Composite and application compatibility
Mike Hearn
m.hearn at signal.QinetiQ.com
Tue Aug 31 07:36:33 PDT 2004
Hi guys,
I've been reading the archives of this list and am a bit concerned that
the introduction of X compositing will break backwards compatibility
with some important software.
The first thread about this seems to have been the Flash/Mozilla issue.
The second suggests that some GTK 1.x apps can be broken.
This is a serious amount of breakage, similar in scope to the problems
caused by the introduction of NPTL which mangled RealPlayer, the JVM and
Wine amongst many other high profile, popular applications.
The recommended workaround seems to be to set an environment variable,
but I have severe reservations about this approach. It's been used
before, to disable NPTL for apps that didn't work with it, and has
several serious disadvantages:
1) You have to know about the environment variable in order to use it.
LD_ASSUME_KERNEL was never well documented until long after the fact.
Even if XLIB_SKIP_ARGB_VISUALS is well documented in man pages,
release notes etc, the vast majority of users will still be unaware
of it just through the nature of the thing.
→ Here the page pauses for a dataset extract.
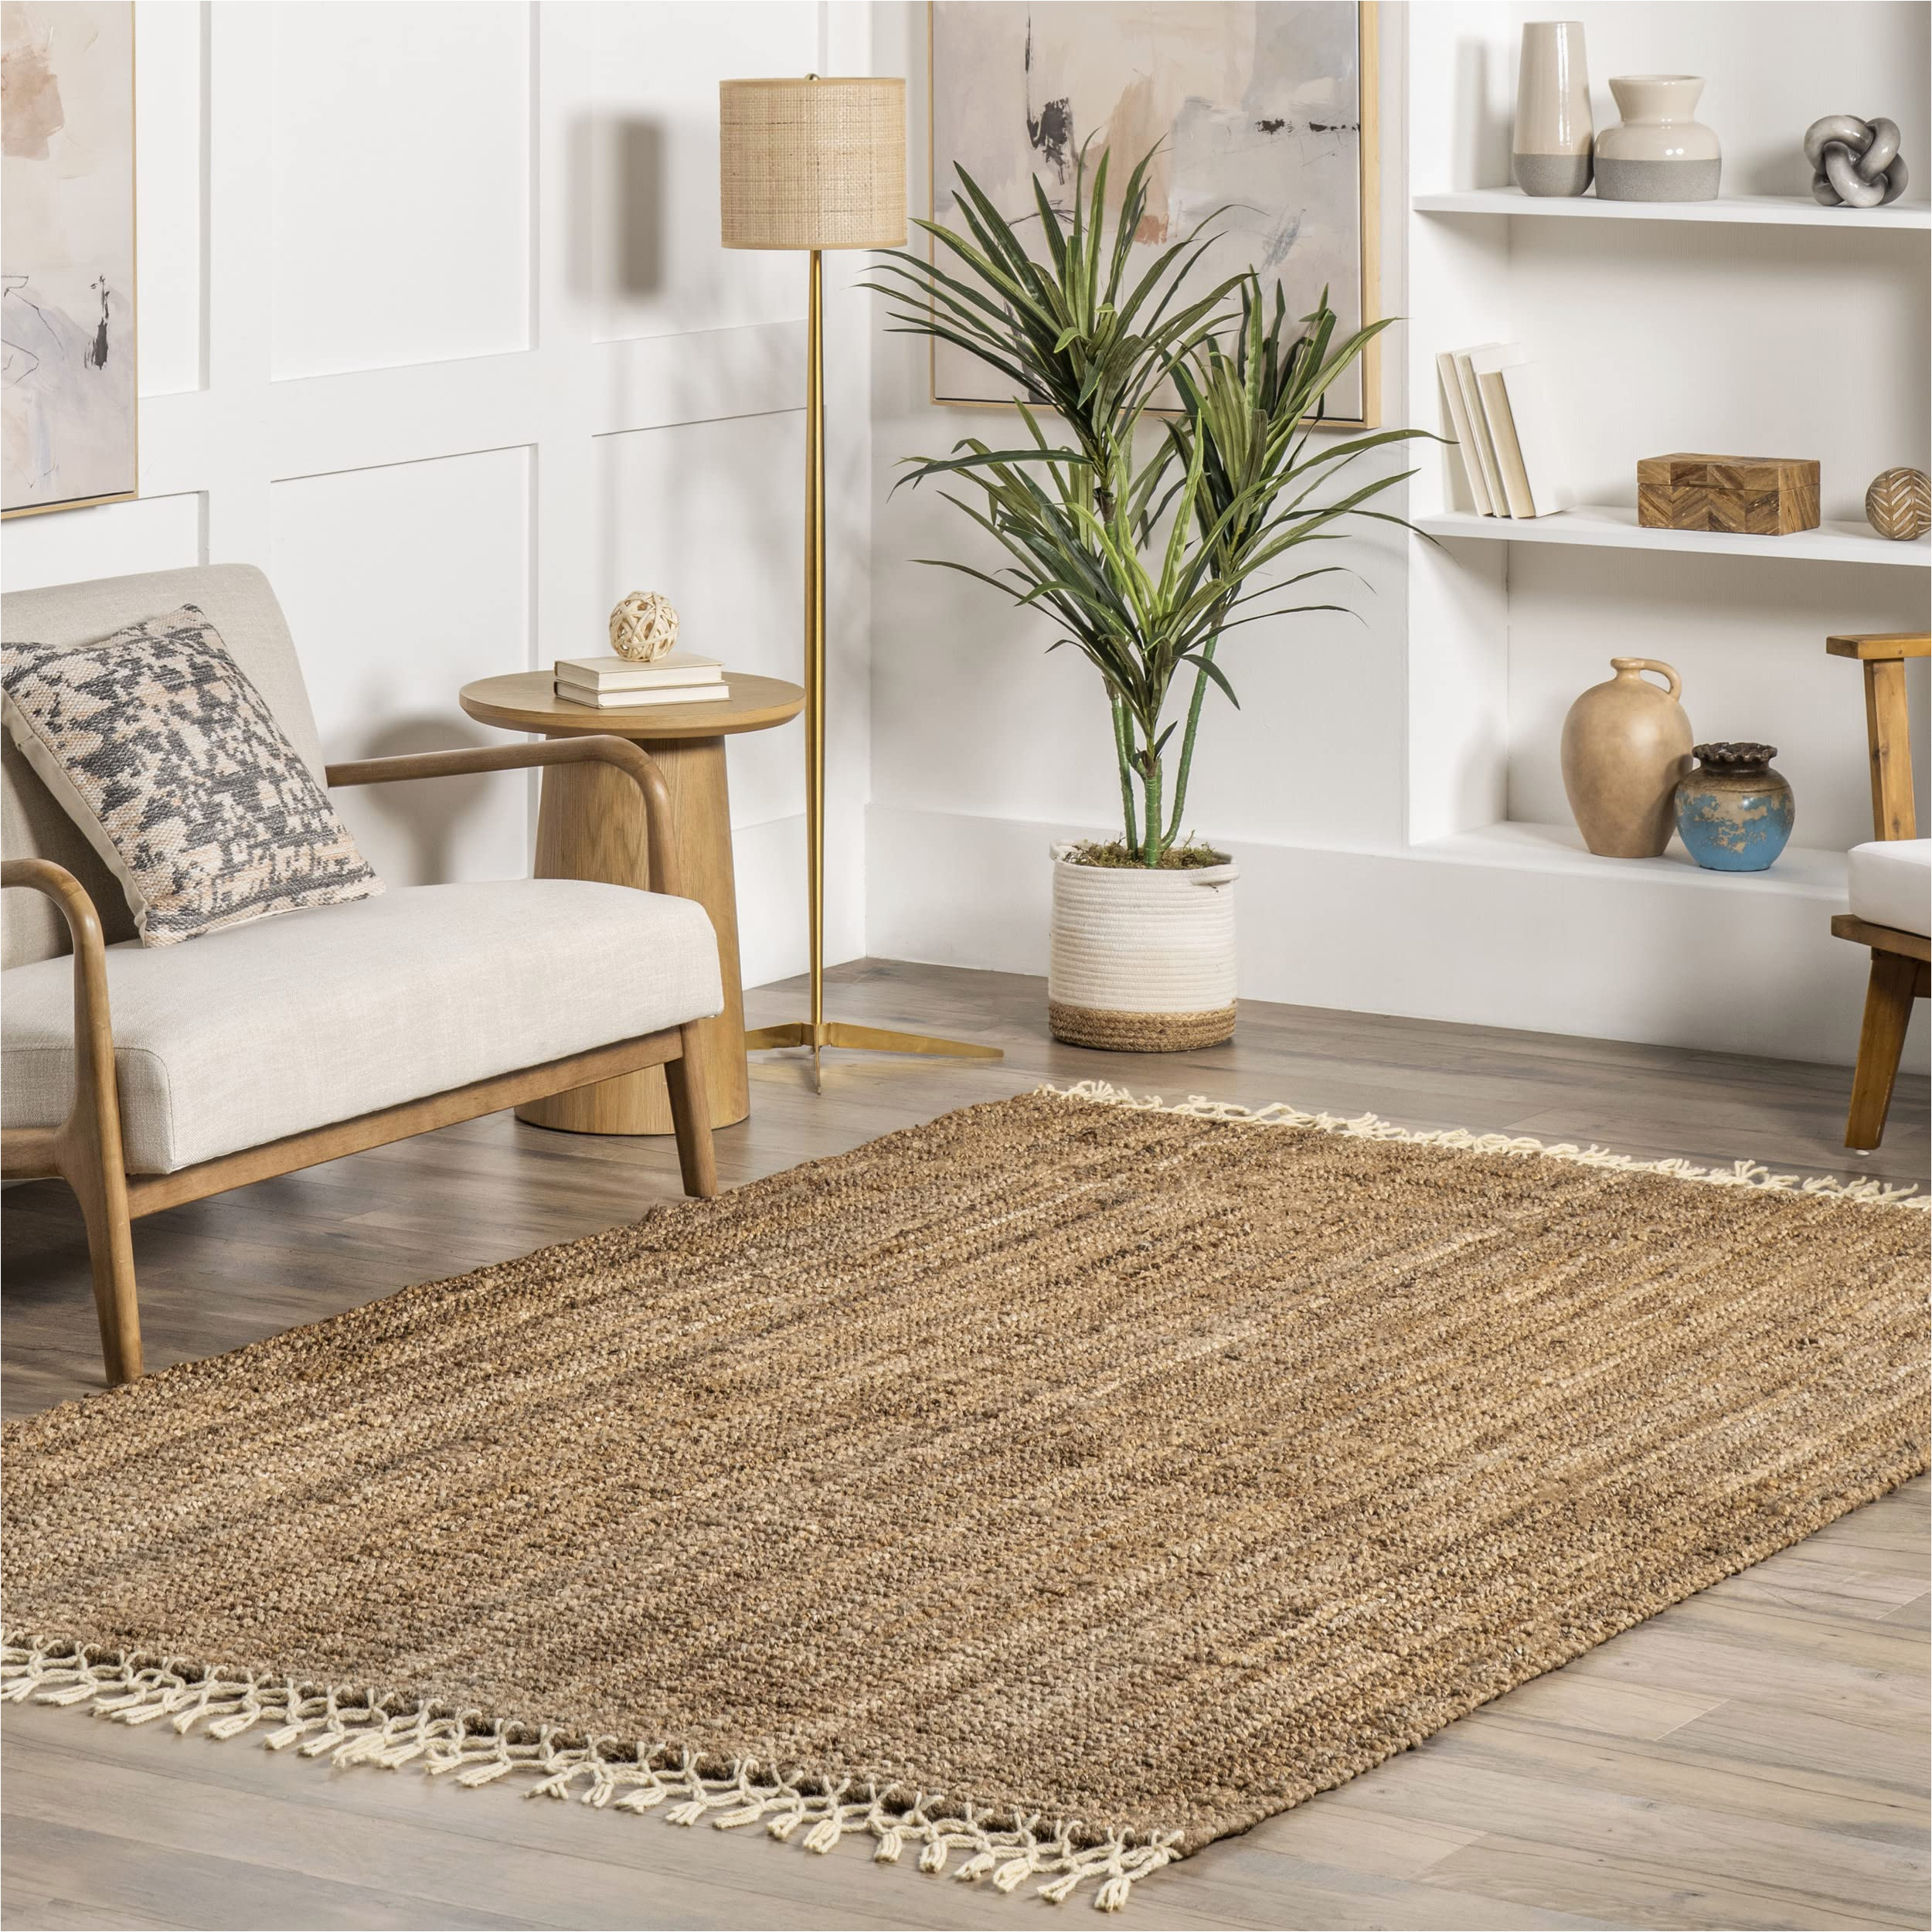 Hand Woven Wool area Rugs Nuloom Raleigh Hand Woven Wool area Rug, 4 Ft X 6 Ft, Natural

2) You have to be able to diagnose the problem in order to use it.
For somebody who is not a programmer, this can be impossible. Often
I've only thought of using LD_ASSUME_KERNEL after putting gdb to work
on mysterious deadlocks and crashes. This is far beyond
the abilities of most Linux users who these days are usually not
developers. Even if the user *is* able to use a debugger there's no
guarantee that they will correlate BadMatch errors/crashes in Xlib
with the introduction of ARGB visuals much as many people could not
correlate crashes and deadlocks inside libpthreads with NPTL.
3) It's a pain in the ass to use. You have to write a wrapper script
for each program affected.
4) The vast majority of people can't or don't use them. Go read any
popular Linux (or even *BSD) tech support forum to see endless
threads full of people suffering through needless breakage.
From my understanding of the technology clients have to be specifically
written to use ARGB visuals anyway, so there's no harm in hiding them
from applications entirely unless they opt in. What is the problem with
having the developer do:
XCompositeEnableARGBVisuals();
before doing an XOpenDisplay or similar to prevent widespread breakage?
In the Flash/Mozilla thread, this seemed to be the original intention
but was hard to implement because of bad interactions between XRENDER
and magically hidden visuals. If the visuals were simply ignored
entirely unless enabled before connect (ie even the composite APIs
couldn't see them) would this still cause a problem?
This opt-in API could then be propogated up through the toolkits so ARGB
visuals are enabled on an app by app basis.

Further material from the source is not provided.